I have a bunch of data, currently stored in 2000 seperate .csv files. Each file countains thousands of events, where each event starts with three numbers, one of which specifies the length of the event. All following rows then contain 9 columns. After a few hundred lines, the next event starts. This is the heterogenous part: events have different lengths.
Example:
40 181 5 # 181 rows in this event
-3.74677 1.8462 -200.582 0.03819 0 22 12 9 physiDet
-3.36715 2.31202 -201.09 0.17925 0 22 12 9 physiDet
-2.93906 2.24399 -200.797 0.03819 0 22 12 9 physiDet
...
-3.74766 1.84347 -200.586 1.16036 0 11 97 72 physiDet
-3.74772 1.84354 -200.586 4.33292 0 11 71 13 physiDet
-3.74845 1.84468 -200.584 0.986089 0 11 70 13 physiDet
232 595 6 # 595 rows here
1.48232 -3.12787 -196.664 0.07638 0 22 9 6 physiDet
1.10072 -3.0131 -196.344 0.125 0 22 9 6 physiDet
1.10448 -3.0174 -196.335 0.07701 0 22 221 9 physiDet
...
Most of the operations I will perform occur event by event. So, I need to loop over each event and do something. Usually, I will loop over the rows in the event and aggregate all rows down to a one-dimensional array or even one value per event.

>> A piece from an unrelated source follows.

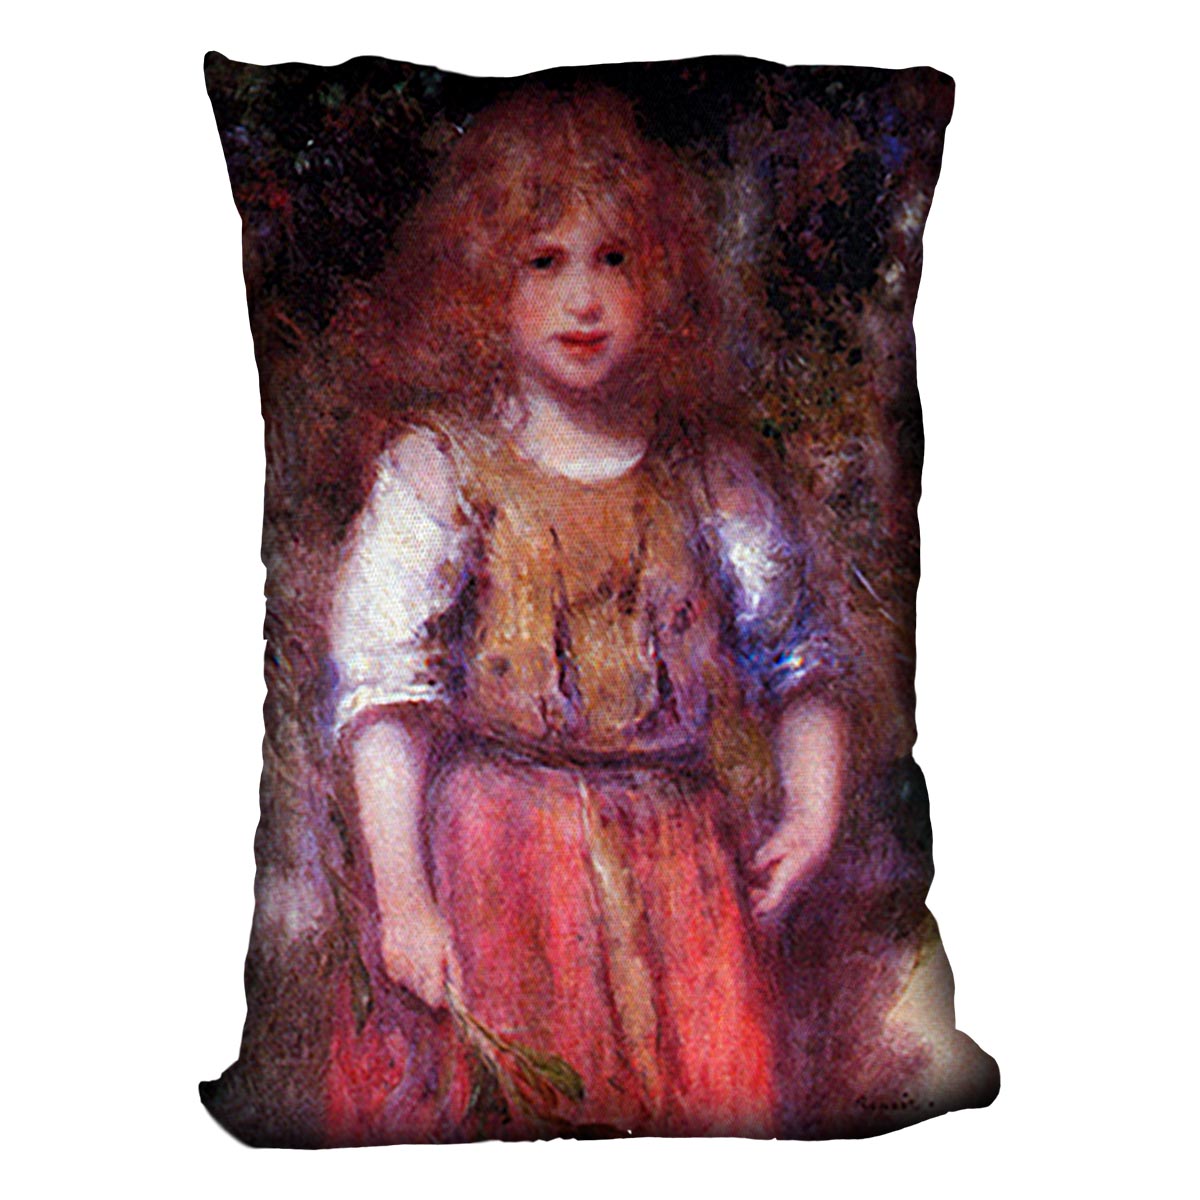 Gypsy girl by Renoir Cushion

I don’t have enough RAM to be able to load the entire dataset at once. I do have 32 cores to use for distributed computing.
So here’s the issue:
Problem
When I use @profile
, I find that a lot of time is being lost to parsing floats from the csv files (also ints, but less so) I was hoping there would be a more efficient way to store my data, so I can access it and parse it faster.
Possible Solutions and Questions
- Use JuliaDB with Dataframe/table type approach
Here, I’m worried about the issue of my data being three dimensional and having variable lengths. I don’t believe dataframes, tables and juliaDB are really intended for this purpose because they seem to do best on two dimensional data. My data is three dimensional with variable length in one dimension, as events have different lengths.
- JuliaData (hdf5) or JLD2
This seems to be closest to what I want but I still have some questions. If I treat my data as an array of events, and store it as one dataset in hdf5, I would have to know the total number of events beforehand, create a dataset of that size, and begin writing to it. Once that’s done I think I’d have a nice solution. Problem: it’s a non-trivial computation to find the total number of events in my dataset. Ideally, I’d like to be able to expand as I go. I did find that the pure hdf5 specification has a resize function, but it seems not to exist for JuliaData.
If I don’t treat my data as one big dataset but make each event into a seperate dataset, I would have more flexibility, but I’m worried about losing performance. Each event is relatively small, so really I’d like to store them in chunks, otherwise I’d spend a lot of time in my loop looking for the next event in the file. May be store 1000 at a time per dataset?
How does distributed (multi core) writing and reading work, when accessing one file? Can multiple workers write/read to a file? Would it be advantageous to have a one to one translation of .csv file to .jld, resulting in 2000 .jld, files, rather than one? I’m very unsure as to the best way to proceed here. It might even be the case, that csv is perfectly fine and switching to different format would only get me a 5% improvement for example.
Summary
If I use JuliaData, how do I format my data inside to make it easy to write and read, while significantly improving performance? Is there a better solution out there?
Edit: really reading is the big deal. I’ll write my data to the new format once, and then everything is read-only.